This document is the introduction by the late Ken Tarbuck to a pamphlet he published in 1994 containing the first English translations of two important Trotsky documents – Trade Unions and Their Future Role (the first draft of Trotsky’s theses on the unions submitted to the plenum of the Central Committee of the Russian Communist Party on 9 November 1920) and The Role and Tasks of Trade Unions (the final form of the theses submitted to the Tenth Congress on 25 December 1920). Both documents were subsequently republished in Al Richardson (ed.), In Defence of the Russian revolution: A Selection of Bolshevik Writings, 1917-1923. The translation by Tom Scott was from a 1921 collection published in Petrograd in 1921 under the title The Party and the Trade Unions. It came into the possession of the late Louis Sinclair (to whom we owe an enormous debt for his compilation of the most complete Trotsky bibliography imagineable), who passed it to Ken Tarbuck.


On two essays by Trotsky:
An introduction by Ken Tarbuck

INTRODUCTION

The two essays presented here by Trotsky hark back to the year 1920, and have not – so far we know – been published in English in full before. If only for that reason it would have been worth while to make them available to a wider audience. However, there are other and more compelling reasons to study these two documents. Before examining these other reasons it is necessary to indicate how and why, and in what circumstances Trotsky wrote these two items.
 

WAR, CIVIL WAR AND INTERVENTION

The year 1920 was the one in which the outcome of the civil war in Russia was put beyond doubt. On all fronts the counter-revolutionary White and interventionist forces had been decisively repulsed. The forces of Kolchak in Siberia had been broken and routed, Denikin’s ‘Volunteer Army’ in the south had been driven back towards the Crimea and Yudenich had been defeated in the North-West. 1920 and 1921 were to see the remnants of the counter-revolution mopped up and completely eliminated. Even the war with Poland in 1920 had been finally brought to an end, even if not completely satisfactorily. By 1920 the Red Army had 5 million people incorporated in its ranks, this from a force of Red Guards of a few thousands in early 1918.

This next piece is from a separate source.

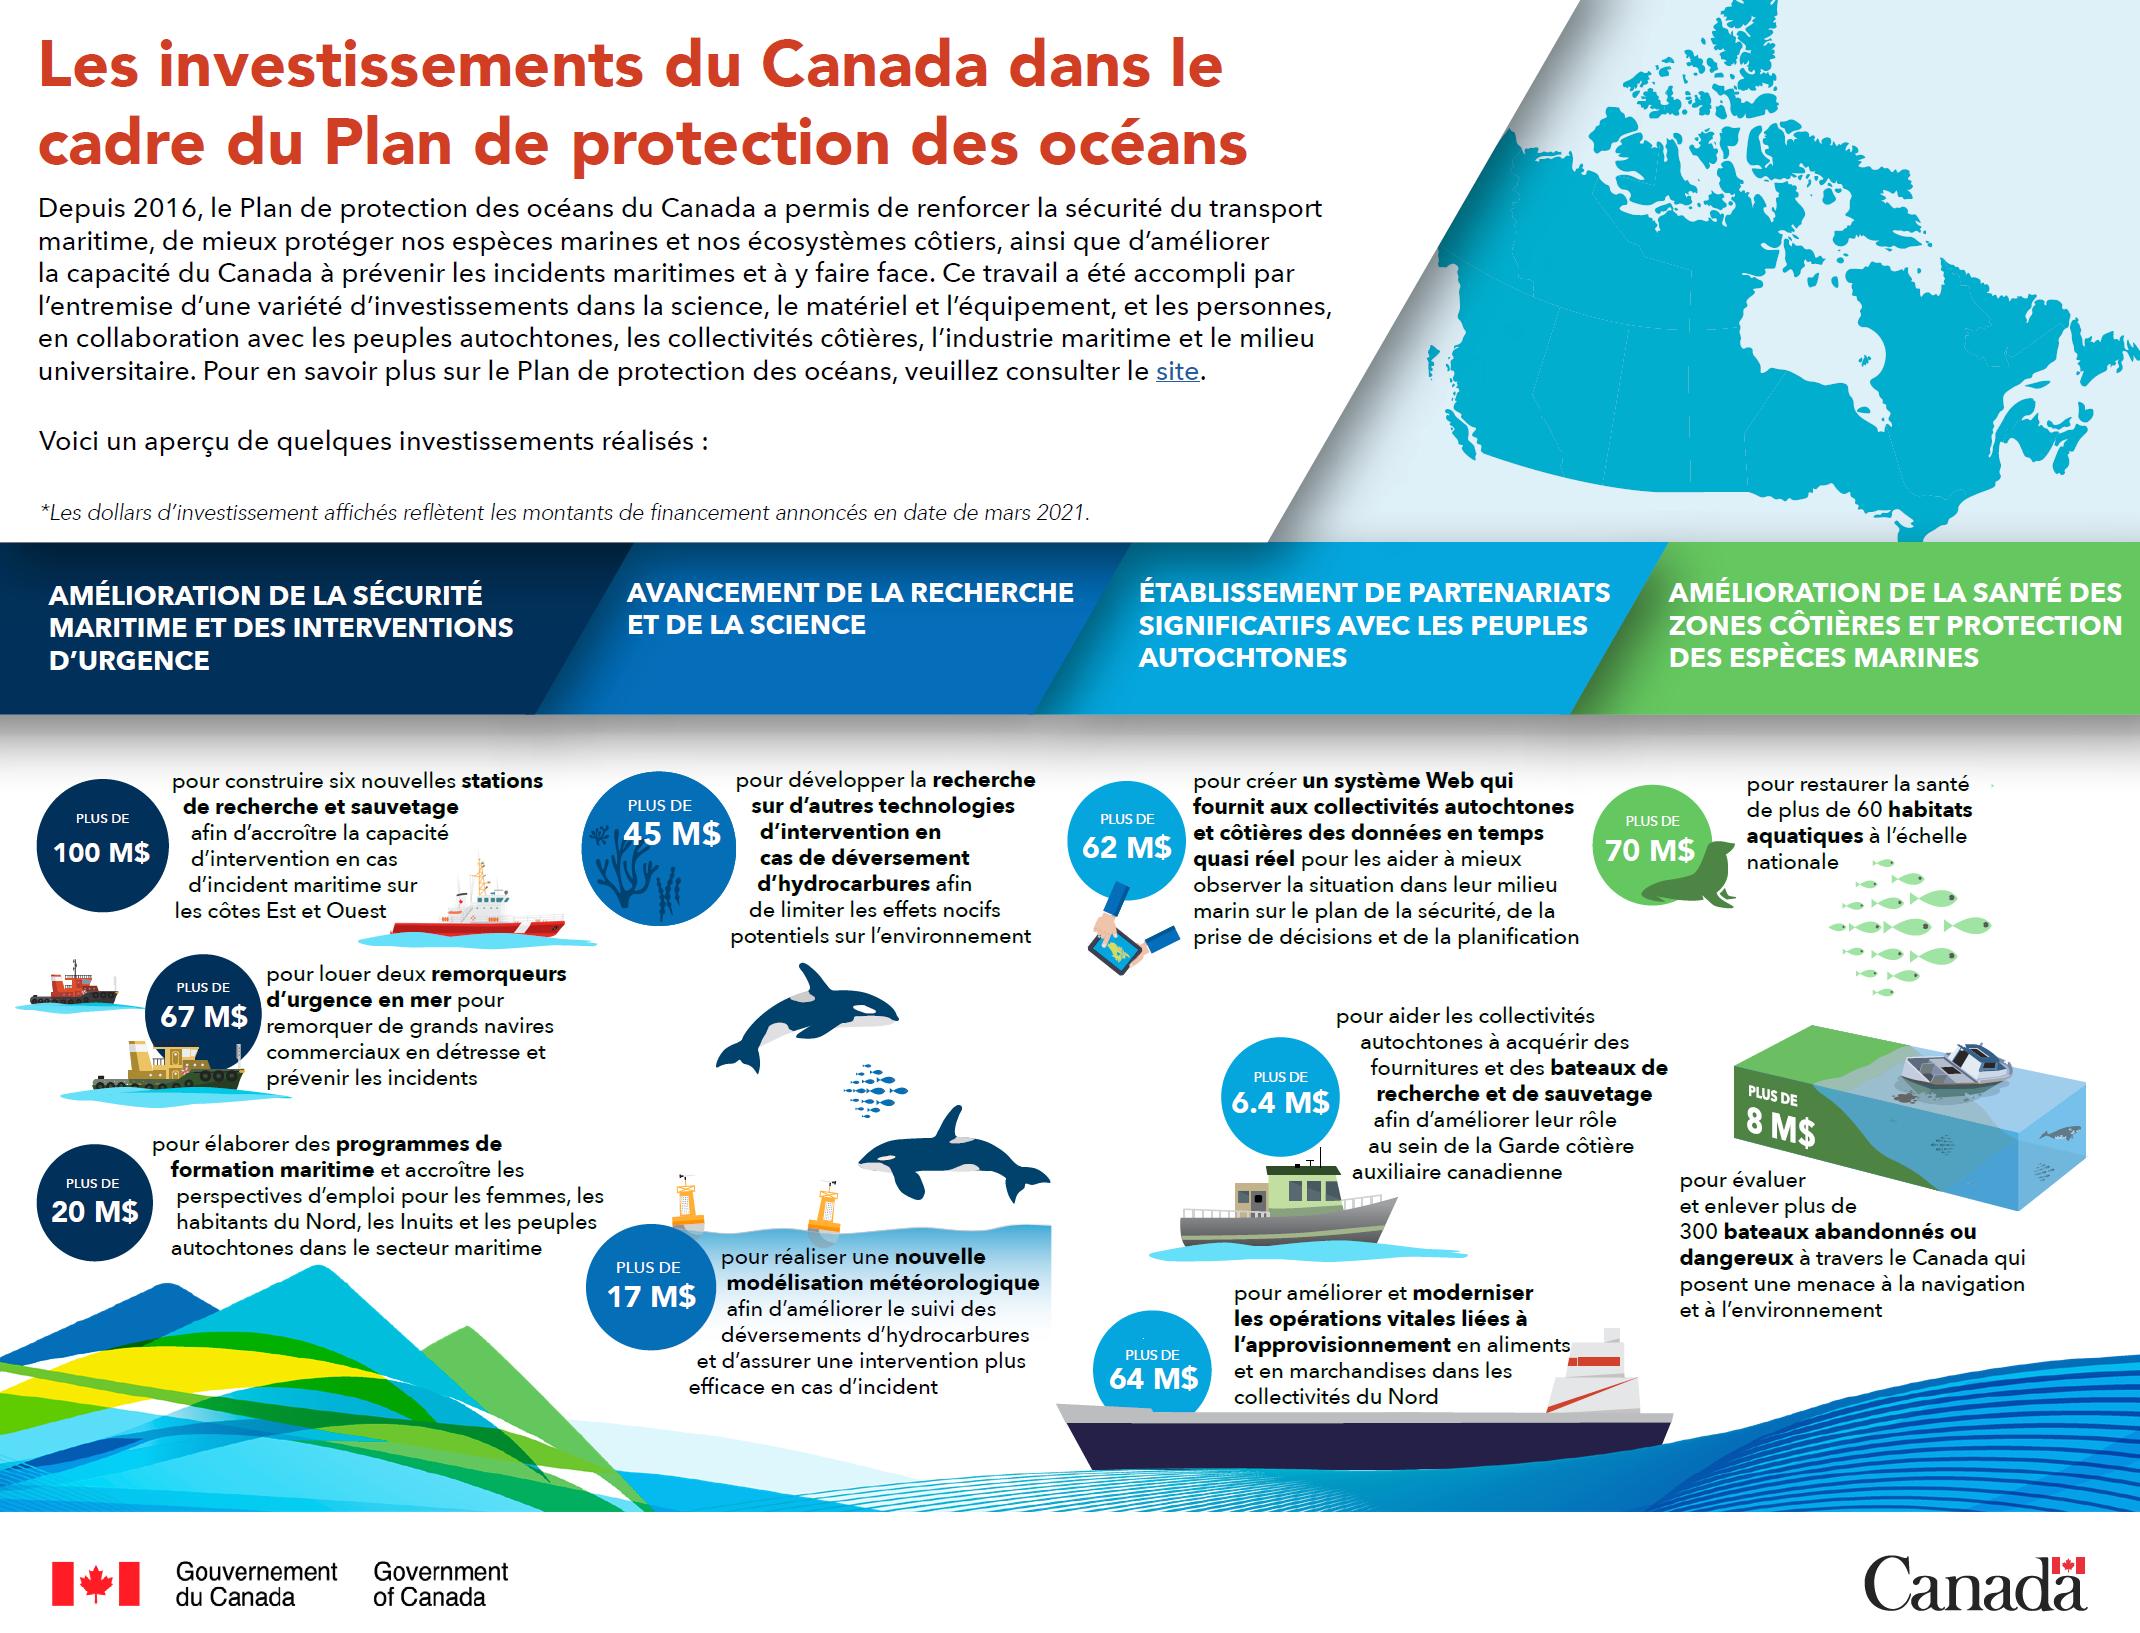 Les investissements du Canada dans le cadre du Plan de protection des océans

It is incontestable that the one person who was most responsible for the creation of this huge Red Army was Leon Trotsky. It had been an Herculean task to forge this army and lead it to victory, and Trotsky had been equal to all the tasks such an undertaking imposed. If Trotsky had died in 1921 or 1922 it is also certain that he would have gone down in Soviet and other history as a charismatic figure of historical achievements. Only Lazare Carnot in the French revolution can be said to have carried out such a comparable undertaking, with the levée en masse, and the victory at Valmy. Carnot earned the name ‘The Organiser of Victory’ just as Trotsky did more than a century later.

It was in this period that Trotsky undoubtedly also developed a penchant for ‘administrative solutions’ to the problems threatening to engulf the fledgeling Soviet Republic. Nor was Trotsky alone in this, the whole Bolshevik Party developed a commandist attitude which it never threw off. However, during the civil war Trotsky had emerged as the ‘trouble shooter’ of the Politburo and this was to have profound consequences for his subsequent political career.
 

1920-21 THE NADIR OF THE RUSSIAN ECONOMY

If 1920 saw the victory in sight for the Red Army is also presaged the total disintegration of Russian economy and society. This indeed was the conundrum of the period, a revolution which had ostensibly been carried through to alleviate the hunger and deprivations of Russia’s masses had resulted in a worsening of their material conditions on a colossal scale. Such a result was neither foreseen nor wanted when the Bolsheviks seized power in November 1917, but it was most definitely the case.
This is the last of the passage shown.